The spot price of fuel rose another 5 cents to $3.17 a gallon, eclipsing the record levels in 2005 that helped push Delta and Northwest Airlines into bankruptcy. Both carriers emerged from Chapter 11 last year.
Credit rating agency Standard & Poor's said Tuesday that the high fuel prices and adverse economic trends are prompting it to review the outlooks on the 10 airlines it follows.
A switch to a "negative" outlook for Delta, which currently has a "positive" outlook, could signal that S&P will eventually lower its credit ratings if high fuel bills continued to hurt the Atlanta carrier's financial performance. A lower credit rating could reduce Delta's access to capital and increase its borrowing expenses.
Delta Chief Executive Richard Anderson said in a message to employees that the carrier will have to "do what we can" to offset higher fuel bills through fare increases and conservation measures.
"The run-up in fuel prices that we've had in the last three weeks is really unprecedented," he said Friday in the recorded message to employees.
The spot price of jet fuel has risen nearly 16 percent this year. Each penny per gallon increase adds about $25 million to Delta's annual fuel bill, although the airline has also been adding to its fuel-hedge positions to effectively lock in the cost of some of its fuel.
Skyrocketing fuel costs have been a catalyst behind merger talks between Delta and Northwest, which have been on hold while the pilots unions at the two carriers negotiate a related agreement on blending seniority lists.
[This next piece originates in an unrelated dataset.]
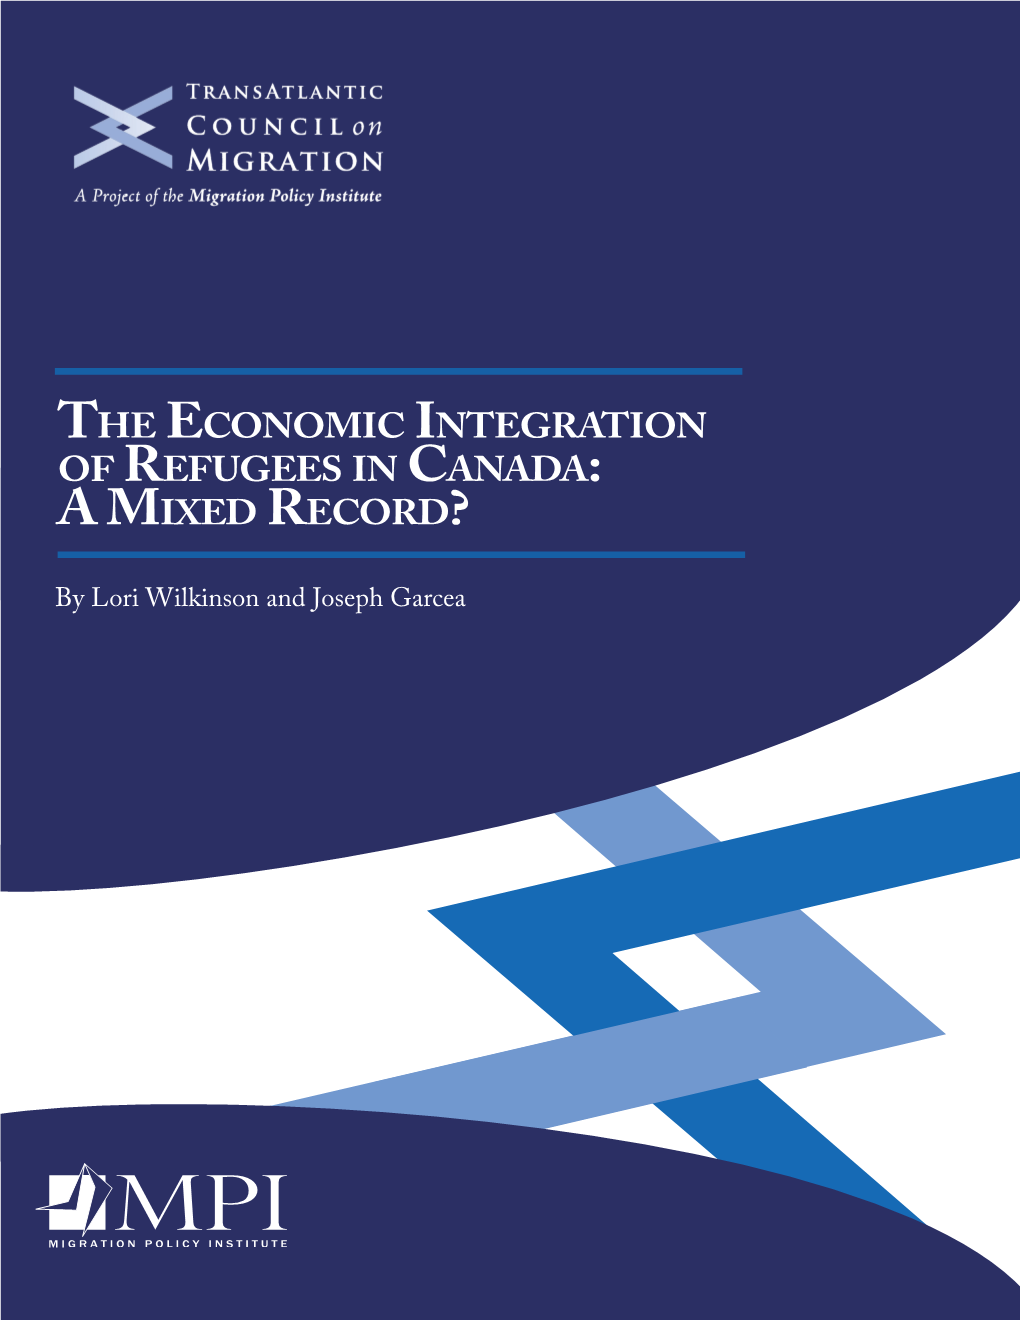 The Economic Integration of Refugees in Canada: a Mixed Record?

The Minneapolis Star-Tribune reported that Northwest's pilots union leaders convened a four-day meeting this week to discuss the status of the merger integration talks. A spokeswoman at Delta's pilots union declined to comment.
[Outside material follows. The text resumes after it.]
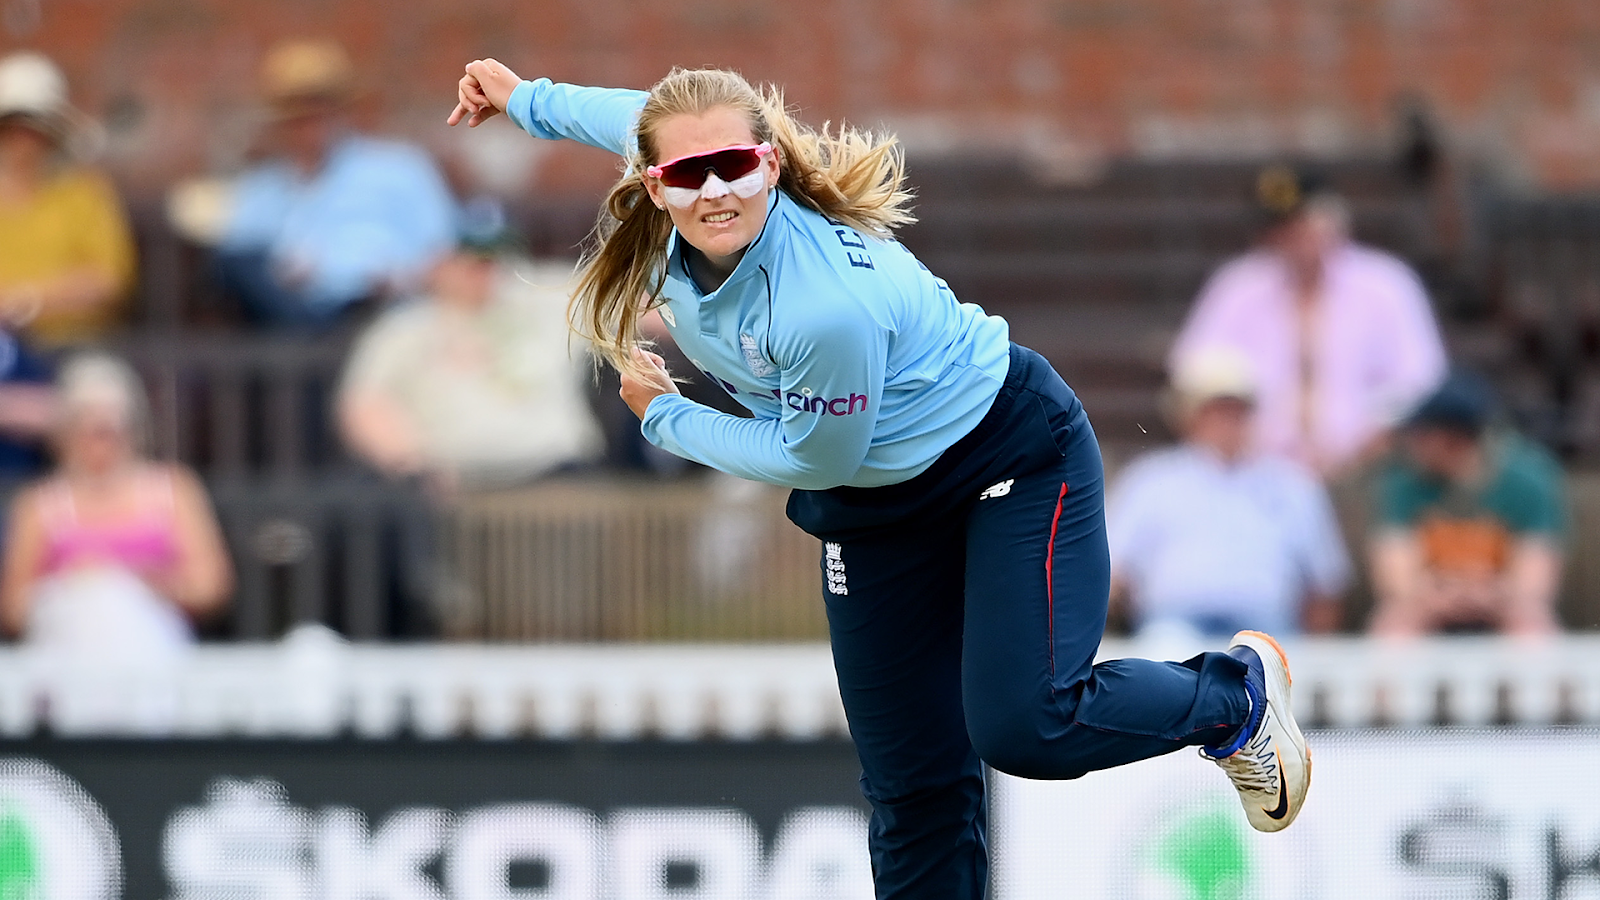 Sophie Ecclestone has scalped 20 wickets in the ongoing World Cup

In a report Monday, UBS analyst Kevin Crissey said such mergers "may be the only way to soften the blow" from high fuel costs, which typically account for about 30 percent of an airline's operating expense. He said he expects a merger deal between Delta and Northwest "in the near term," possibly followed by a deal between United and Continental.
In an interview Tuesday, Standard & Poor's analyst Philip Baggaley said persistently high fuel prices may prod airlines to ground older, less-fuel-efficient jets or find other ways to cut costs and boost revenues.
"I think it may increase pressure to move toward a merger, although realistically, it would take months for the benefits of a merger to unfold, and there are also risks," Baggaley said.
He said rapidly rising fuel bills have increased airlines' costs at the same time that the threat of a recession could soon hem in their ability to raise fares.
Jet fuel is typically an airline's biggest expense.
"The airlines over the last two years have been able to offset very substantial increases in fuel costs" through fare increases, said Baggaley. Over the weekend, most big carriers including Delta increased fuel surcharges by $10 on most round-trip domestic tickets.
"I think that string of successes may come to an end soon," said Baggaley.